▸ Given data:
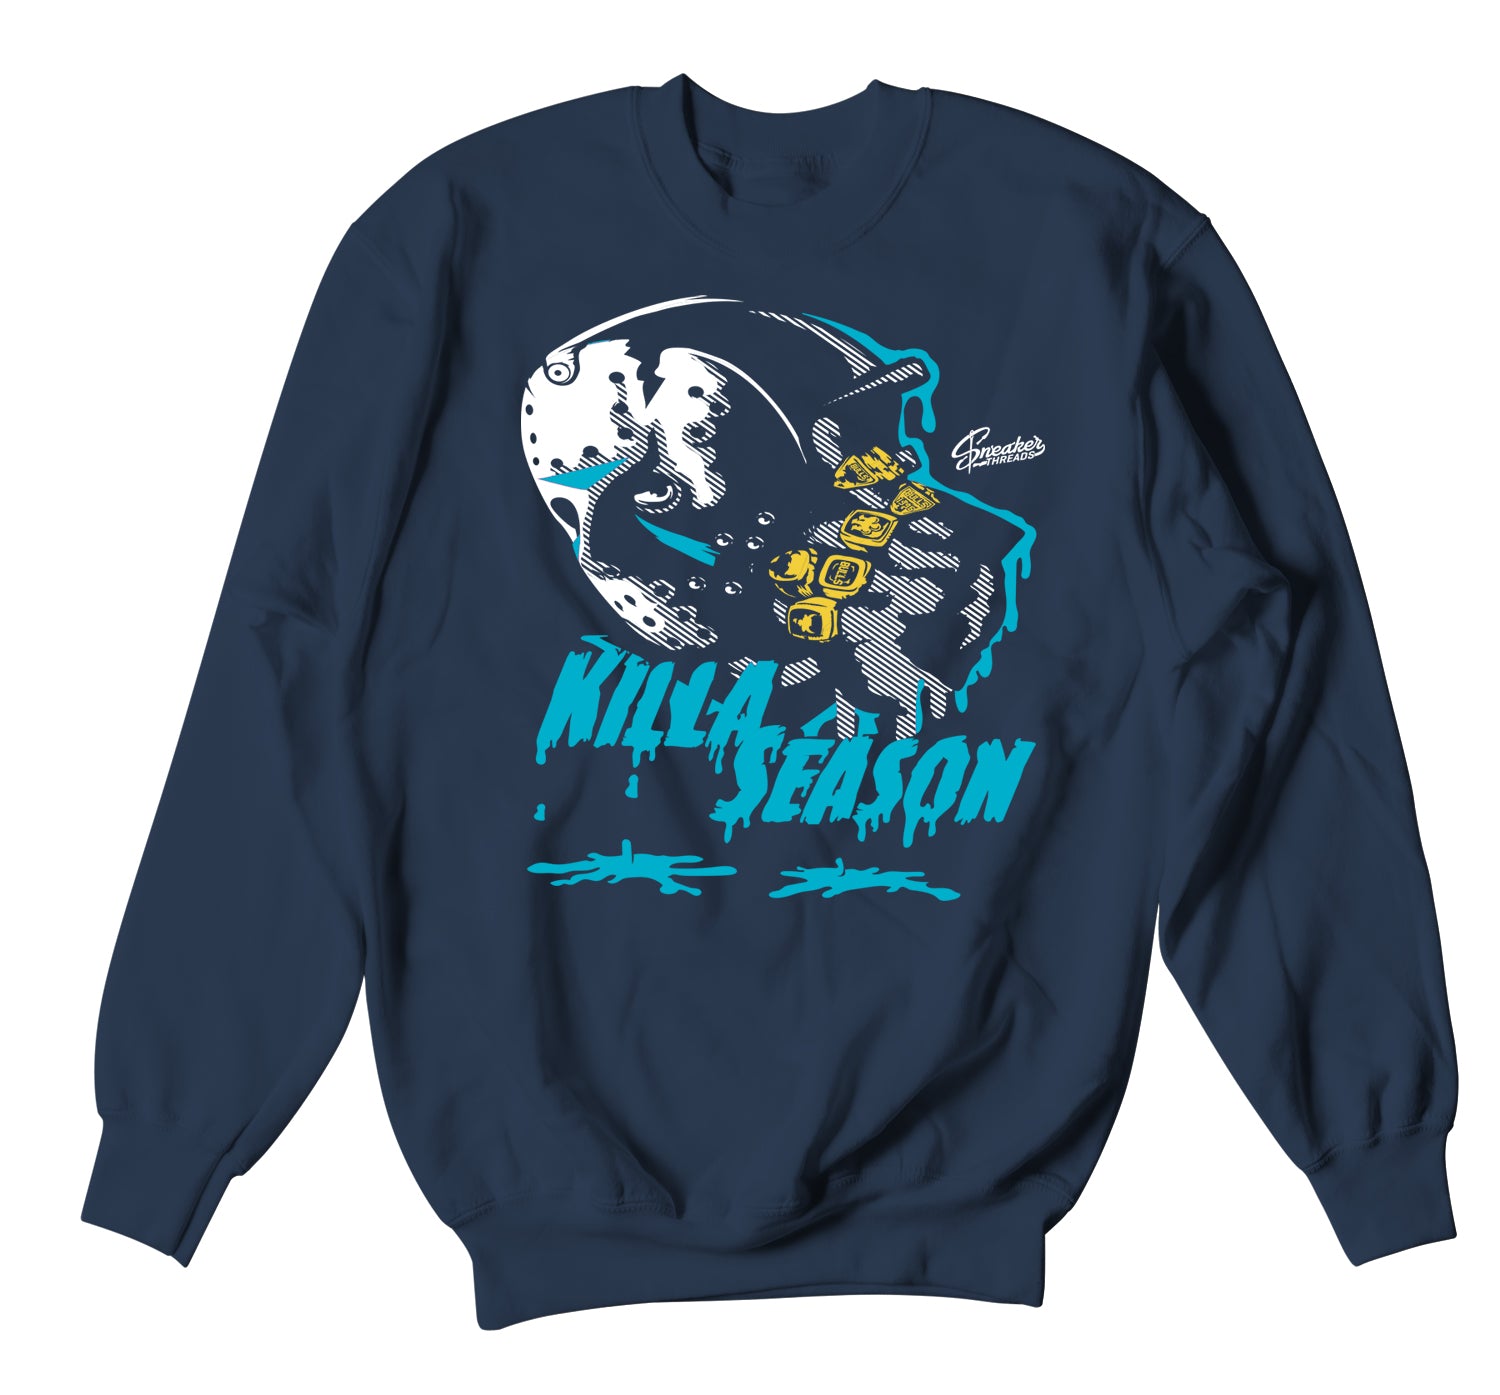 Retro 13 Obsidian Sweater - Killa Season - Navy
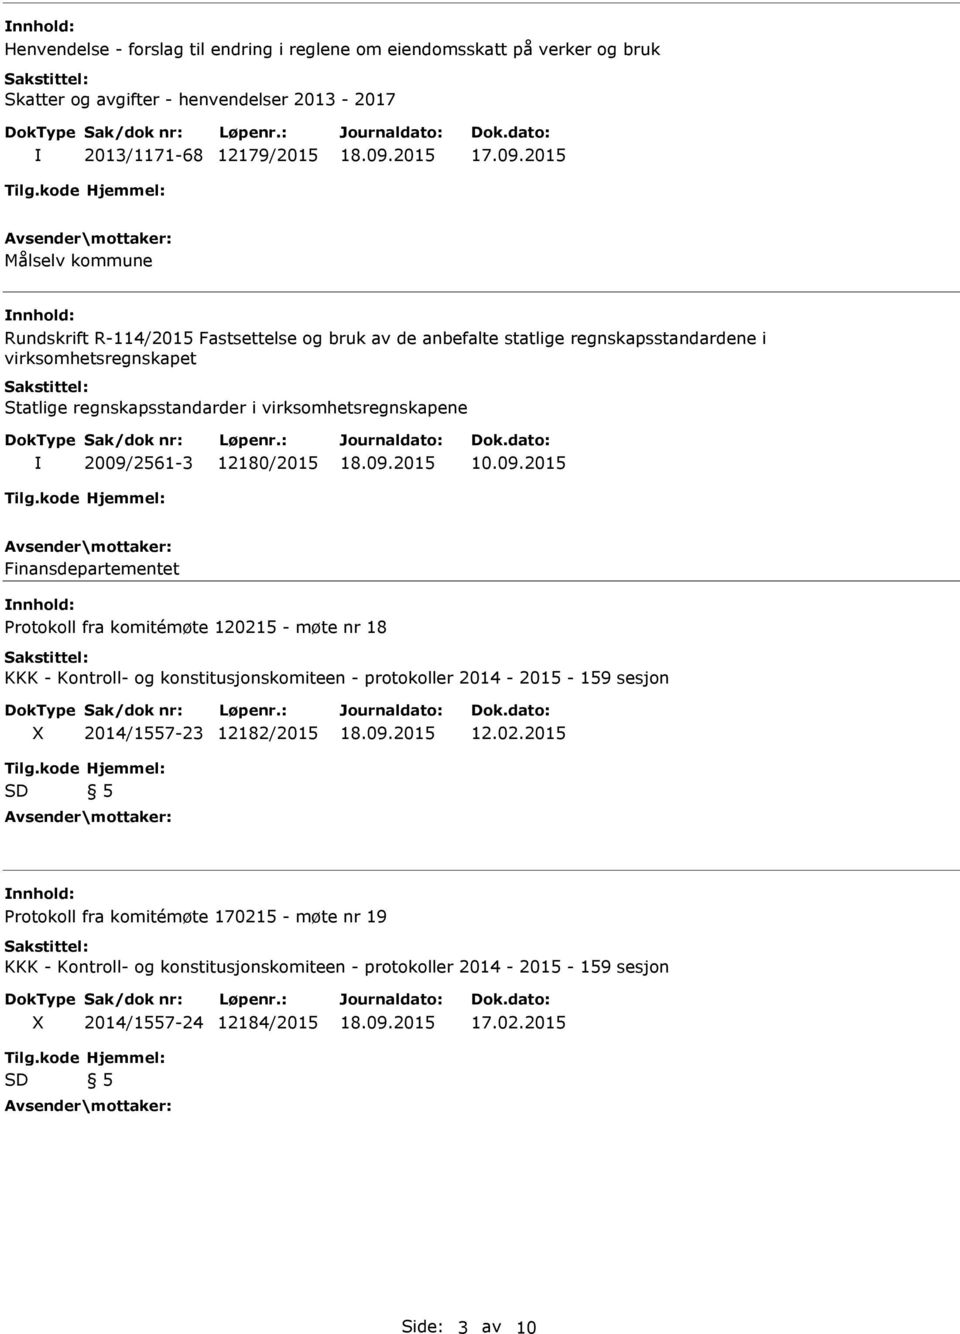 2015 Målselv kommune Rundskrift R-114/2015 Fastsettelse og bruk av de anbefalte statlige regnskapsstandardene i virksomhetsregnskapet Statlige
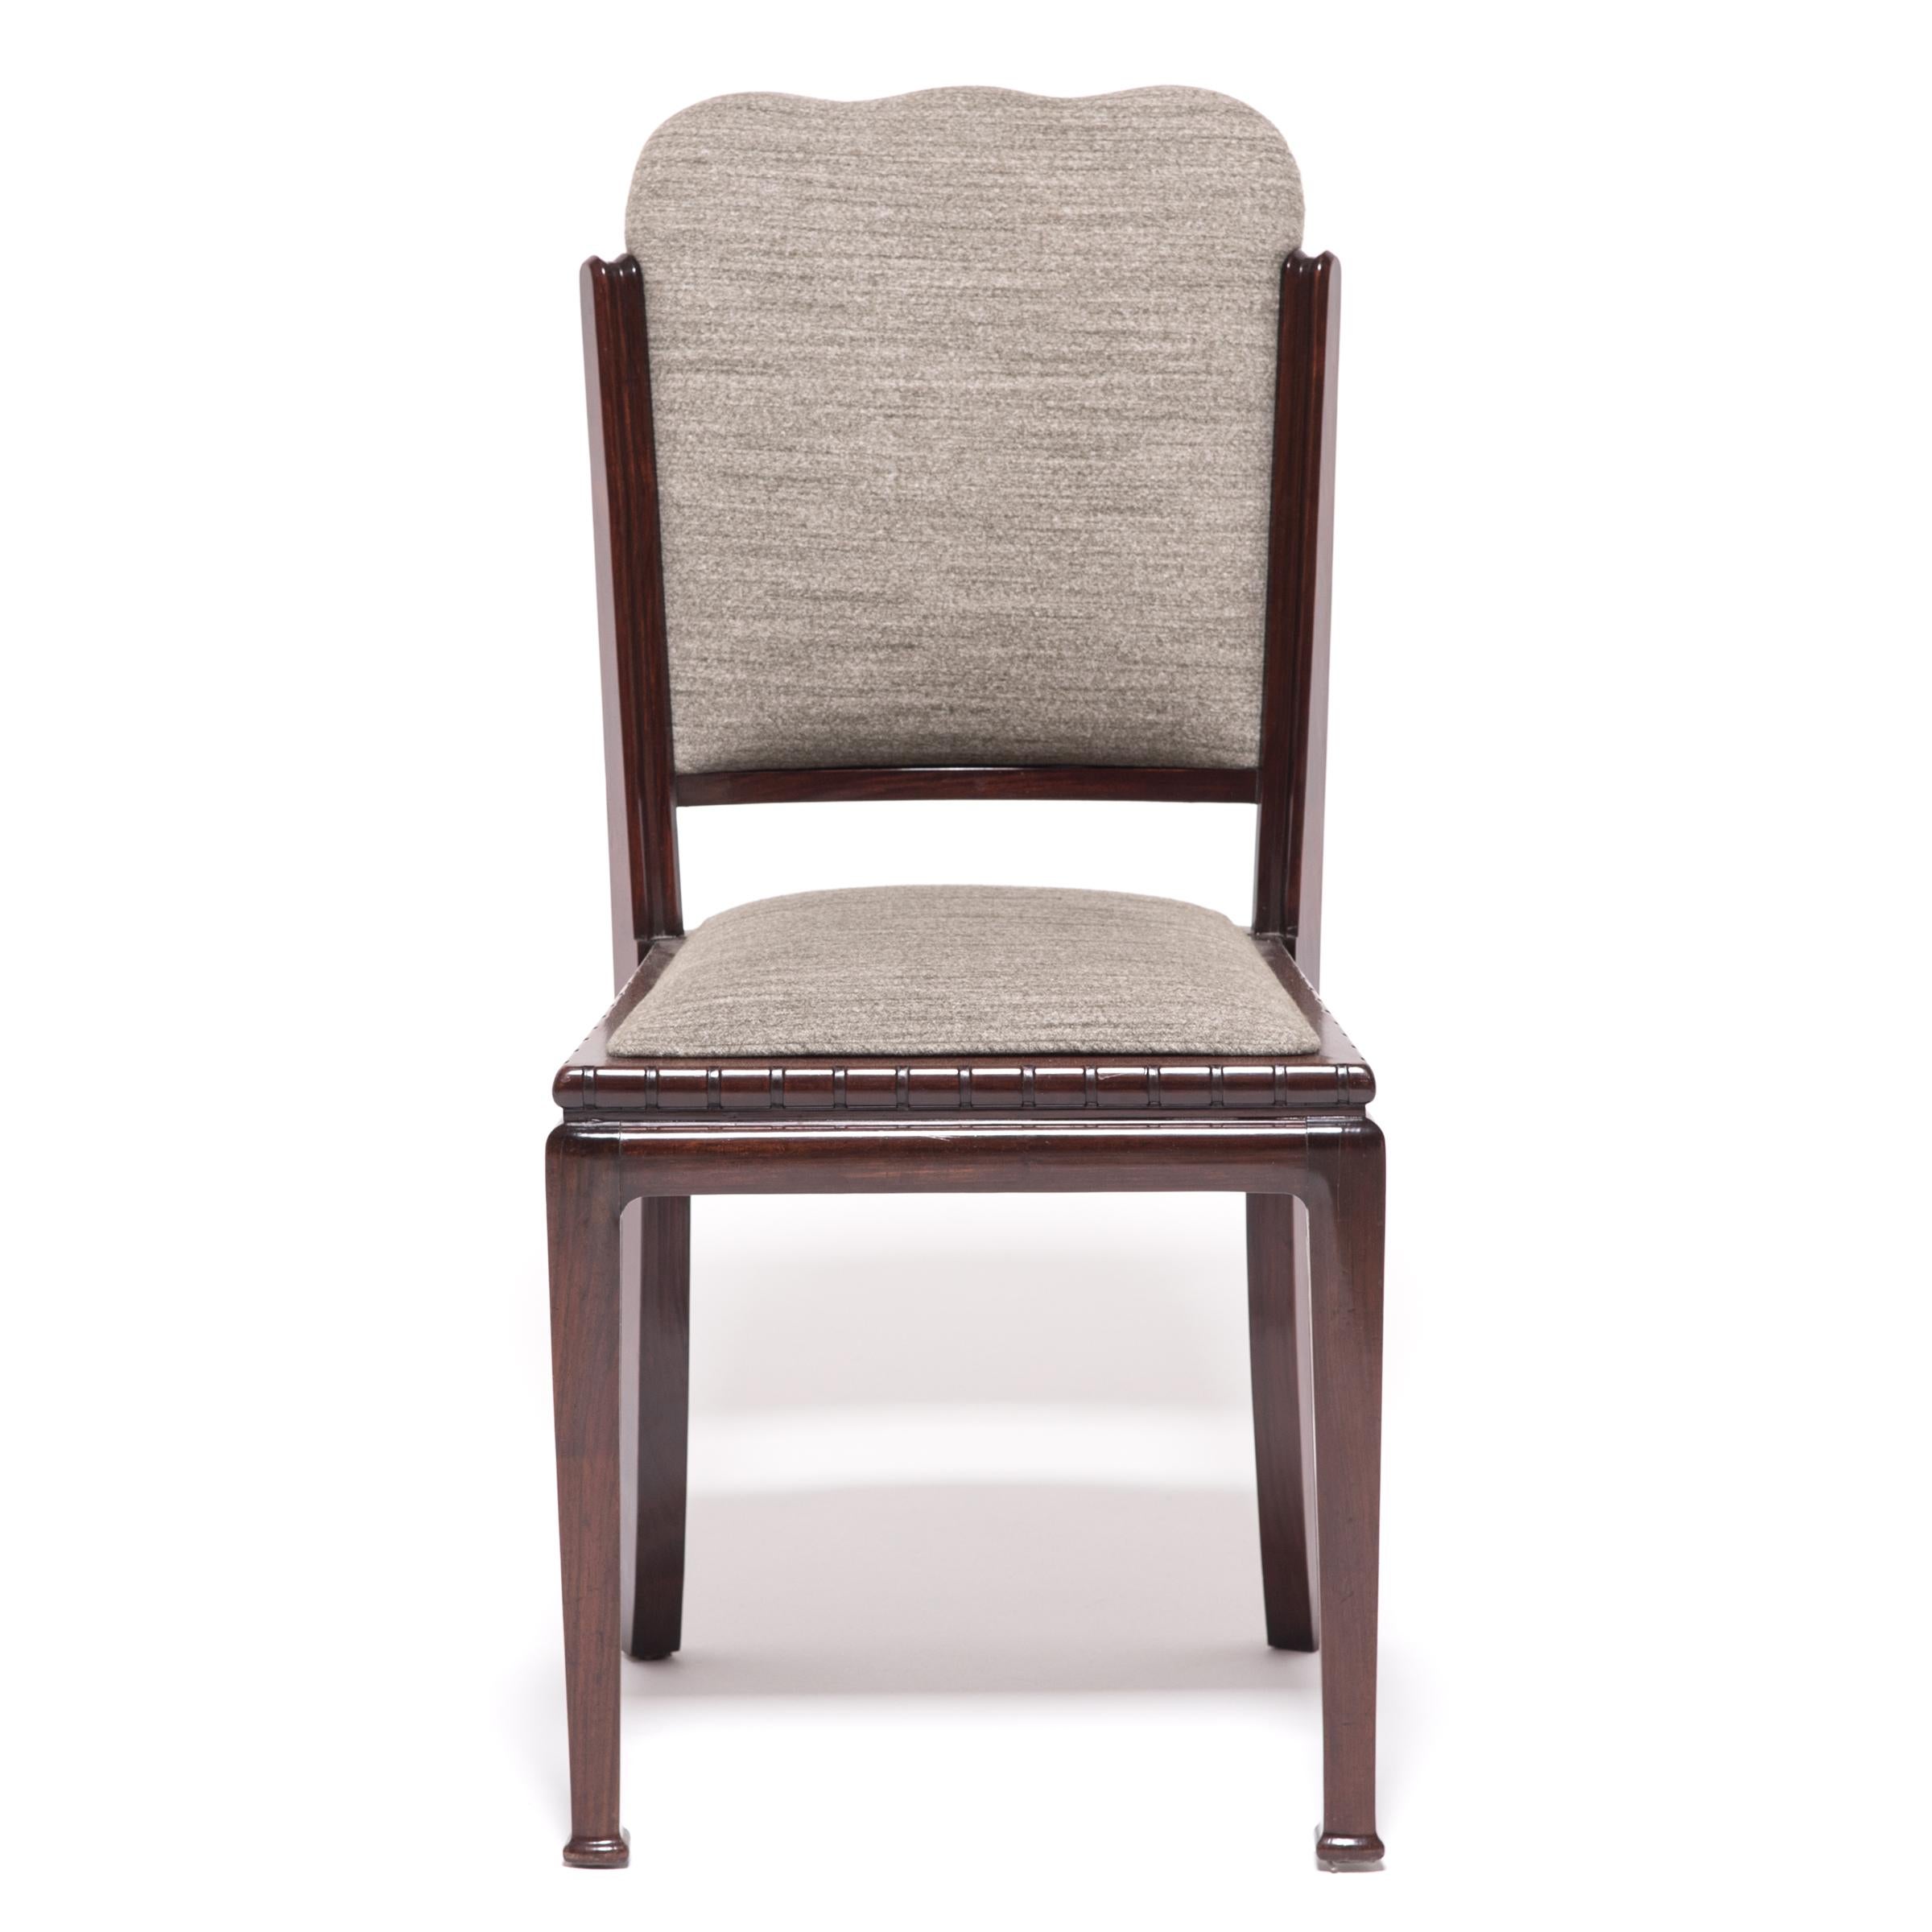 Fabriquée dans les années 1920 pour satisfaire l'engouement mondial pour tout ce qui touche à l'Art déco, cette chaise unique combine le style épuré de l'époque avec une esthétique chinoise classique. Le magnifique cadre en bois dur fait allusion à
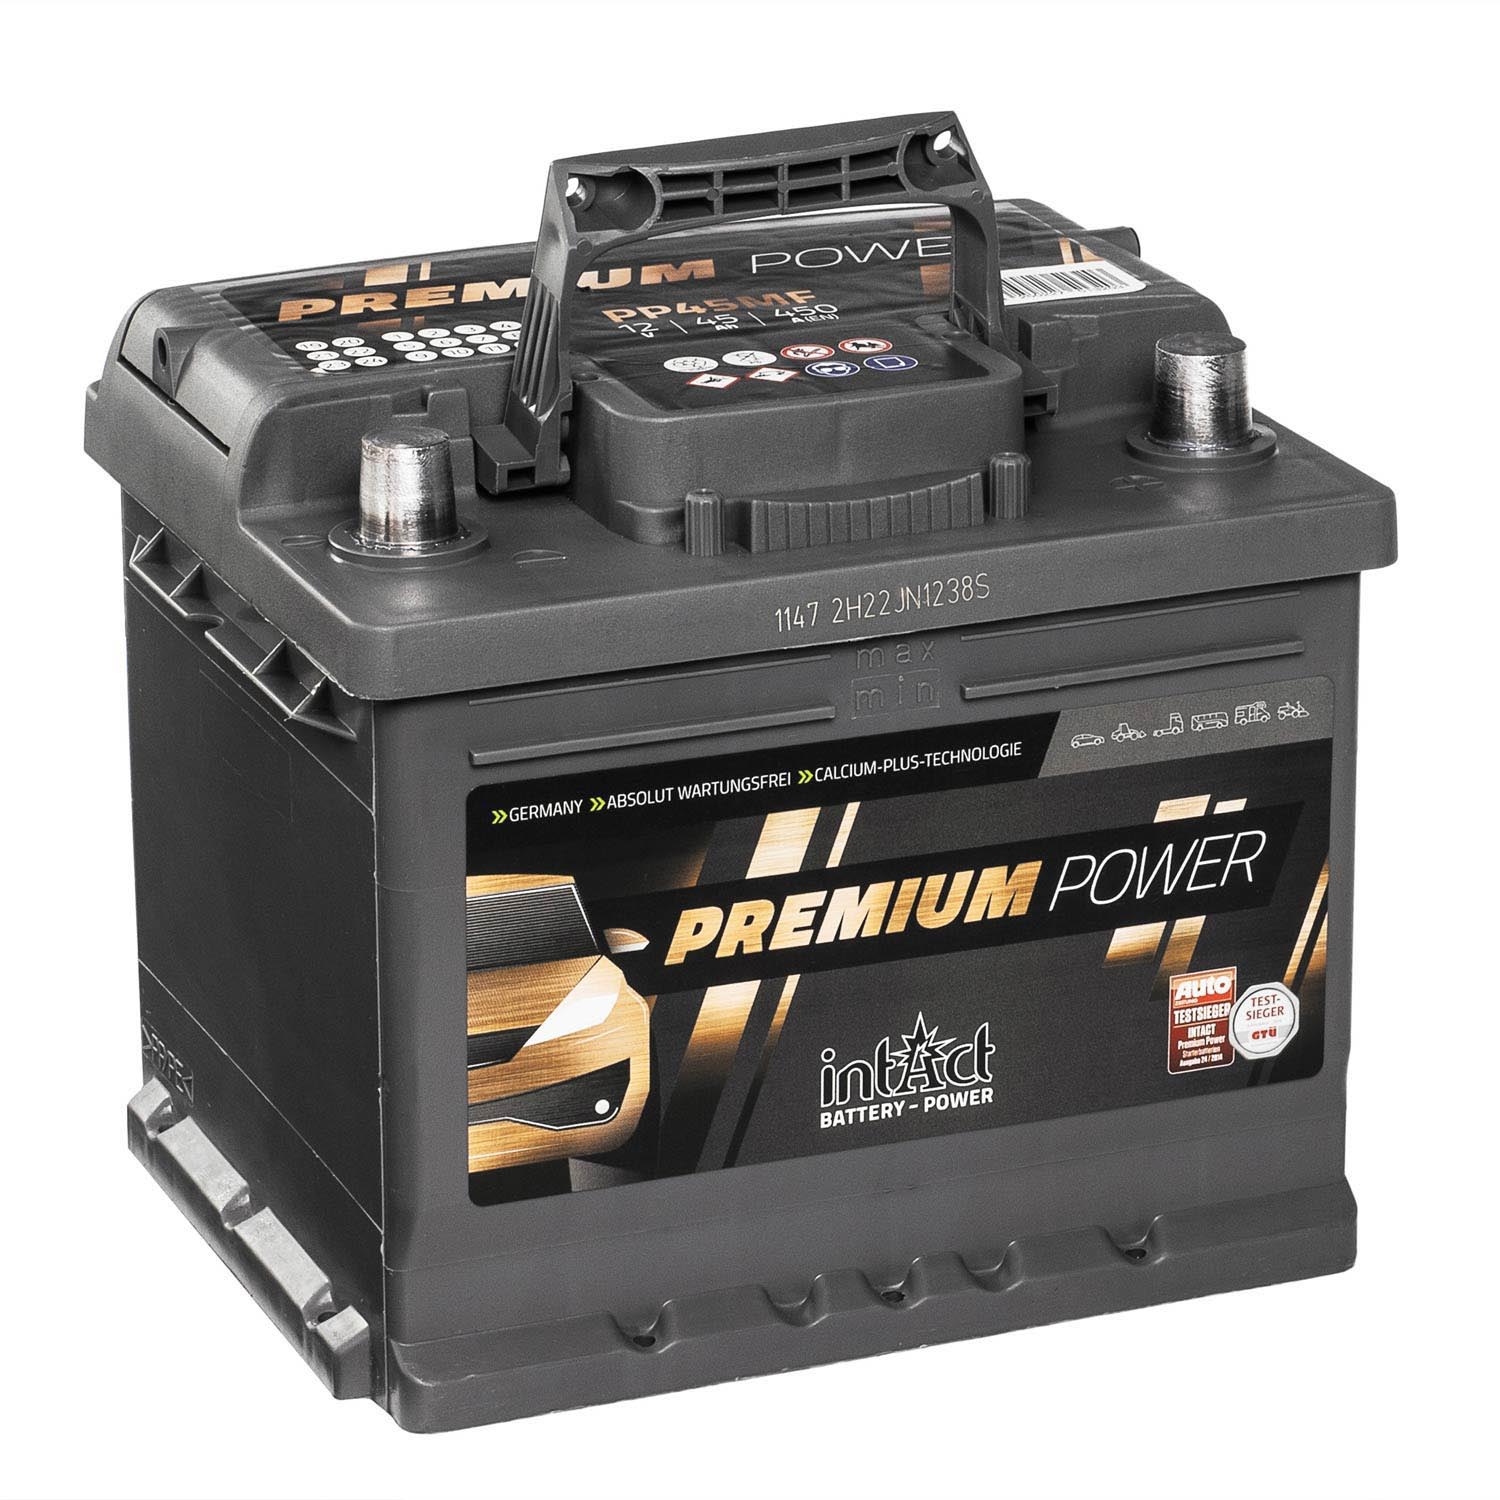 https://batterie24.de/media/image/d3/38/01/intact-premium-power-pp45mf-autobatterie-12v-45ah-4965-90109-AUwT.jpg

▸ Task objective: Without including any pictures, reproduce the listing exactly.

▸ Answer below:
 Retro 13 Obsidian Sweater - Killa Season - Navy
 2015 Målselv kommune Rundskrift R-114/2015 Fastsettelse og bruk av de anbefalte statlige regnskapsstandardene i virksomhetsregnskapet Statlige
 Fabriquée dans les années 1920 pour satisfaire l'engouement mondial pour tout ce qui touche à l'Art déco, cette chaise unique combine le style épuré de l'époque avec une esthétique chinoise classique. Le magnifique cadre en bois dur fait allusion à
 https://batterie24.de/media/image/d3/38/01/intact-premium-power-pp45mf-autobatterie-12v-45ah-4965-90109-AUwT.jpg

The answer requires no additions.